Statistical Analysis of fMRI Data: The General Linear Model

Question 1

What is the design matrix?

Answer 1

It is a matrix that contains variation over time of all independent variables

Question 2

What are regressors of interest?

Answer 2

They are the values in the design matrix associated with independent variables that the researcher is interested in. Each regressor of interest is usually associated with one experimental condition

Question 3

What are covariates (nuisance regressors)?

Answer 3

They are other variables that the researcher is not interested in, but that still are expected to predict variations of the signal

Question 4

Are regressors paired exactly with the occurrence of the independent variable?

Answer 4

No, they are convoluted to account for the distortion in the signal caused by the Haemodynamic Response Function

Question 5

When are nuisance regressors actually useful? Can you make some examples?

Answer 5

Nuisance regressors are useful when they help predict some variance in the Y (BOLD signal) and reduce epsilon (error). Movement of a participant when blinking eyes or moving a hand to perform a task, heart rate and respiration are examples of useful nuisance regressors

Question 6

What are the Beta values telling us? Make an example, what happens if column 3 of the design Matrix has a big beta?

Answer 6

Beta values are the coefficient of a regressor. They are telling us how much the variation in the independent variable predicts change in the system. For instance a big beta in column three means that a small change in the independent variable 3 is associated with a big change in the signal Y

Question 7

What is the difference in terms of relationship between variables and signal in a simple linear regression and a multiple linear regression?

Answer 7

In a simple linear regression values of the independent variables are each linearly associated directly with changes of the signal, in a multiple linear regression the interactions are also among the variables

Question 8

What is a constant regressor?

Answer 8

It is a regressor variable with an associated beta that is used to account for a background noise in the signal

Question 9

How is epsilon assumed to be?

Answer 9

Independent and identically distributed according to zero mean normal distribution with unknown variance.

Question 10

In a geometric interpretation of the GLM, how would you interpret the vector of residuals?

Answer 10

The shortest line in the hyperplane connecting the modeled signal with the actual signal

Question 11

What is the mathematical and non mathematical objective of the process called Ordinary Least Squares (OLS)?
Explain its mathematical expression 𝑋T𝜀Ƹ= 0
𝑋T( 𝑦 − 𝑋𝛽)= 0

Answer 11

The mathematical objective is to reduce the squared (so that it accommodates for positive and negative) error in the GLM.
The non mathematical is to reduce to the minimum the discrepancy between modeled and actual signal, which is what the second equation is saying

Question 12

What does efficiency measure?
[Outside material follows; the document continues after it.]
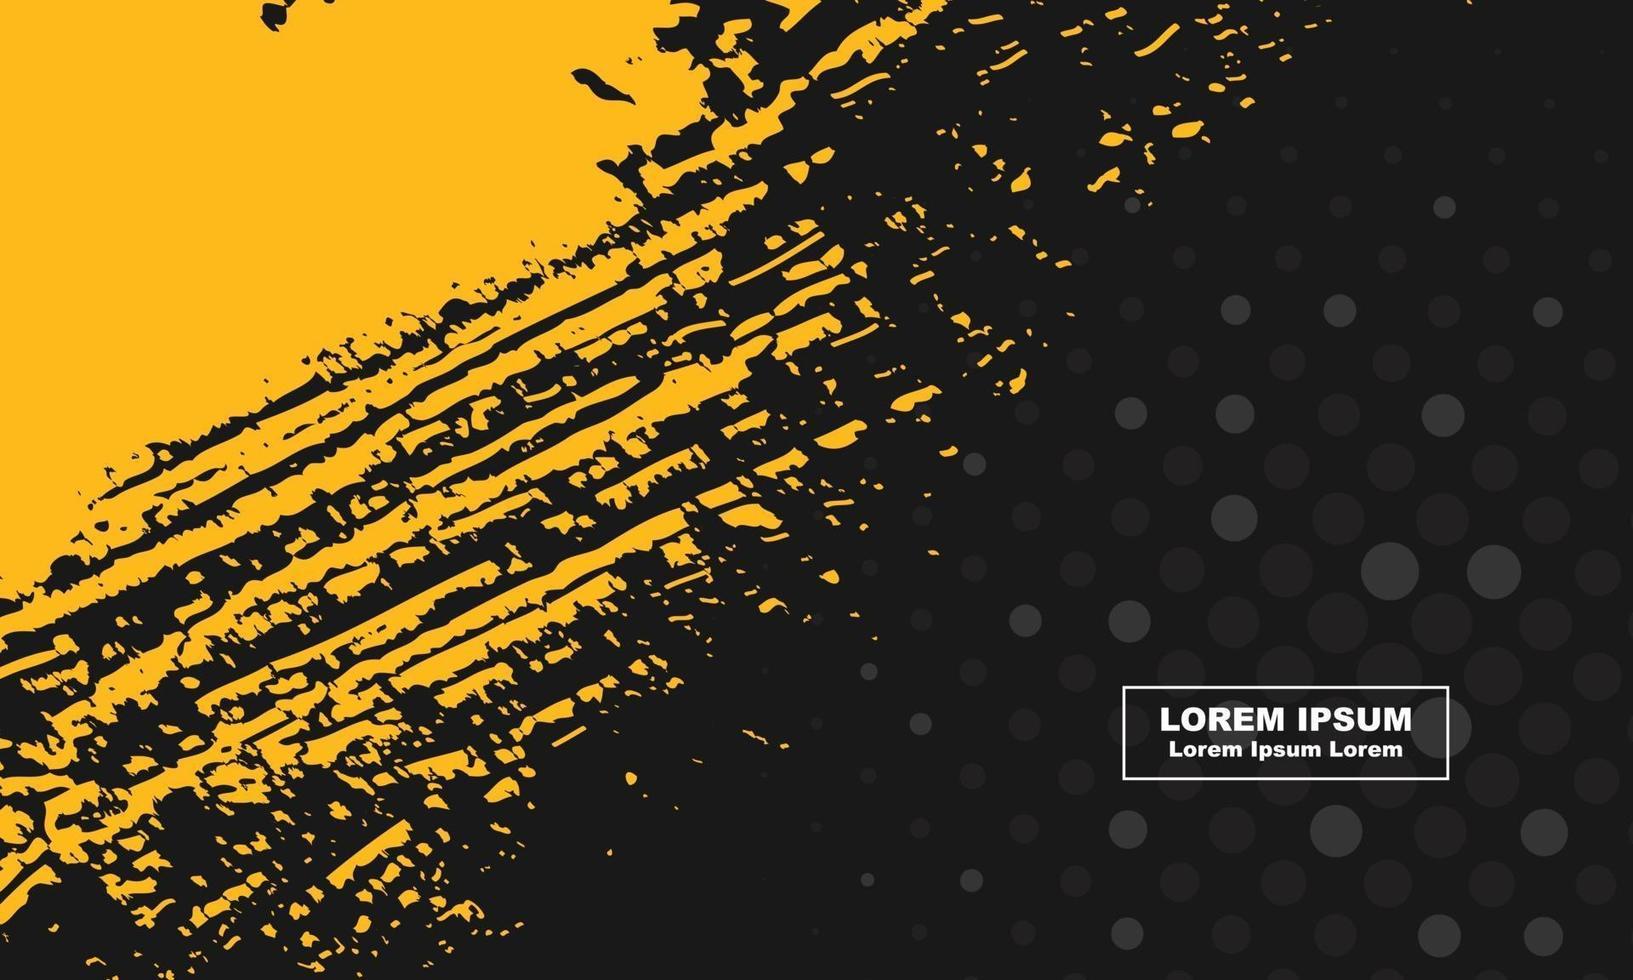 abstracte achtergrond zwart en geel grunge en halftoon cirkel vector

What does it mean to have high efficiency?

Answer 12

Efficiency measures the ability of a regressor to predict the signal independently of other regressors. A low efficiency is bad because it gets impossible to tell which condition elicited a certain BOLD response (imagine for instance nuisance regressors covarying strongly with a regressor of interest.

Question 13

What is a t-contrast measuring in GLM?

Answer 13

If there is a difference between two regressors, it calculates the probability of differences between two conditons.

Question 14

What is an F-contrast measuring in GLM?

Answer 14

If there is an effect of first or second regressor, as the t-contrast test it it tested against a null hypothesis.
It’s a statistical test used to measure the overall significance of a set of predictors or conditions in explaining the observed variance in the data.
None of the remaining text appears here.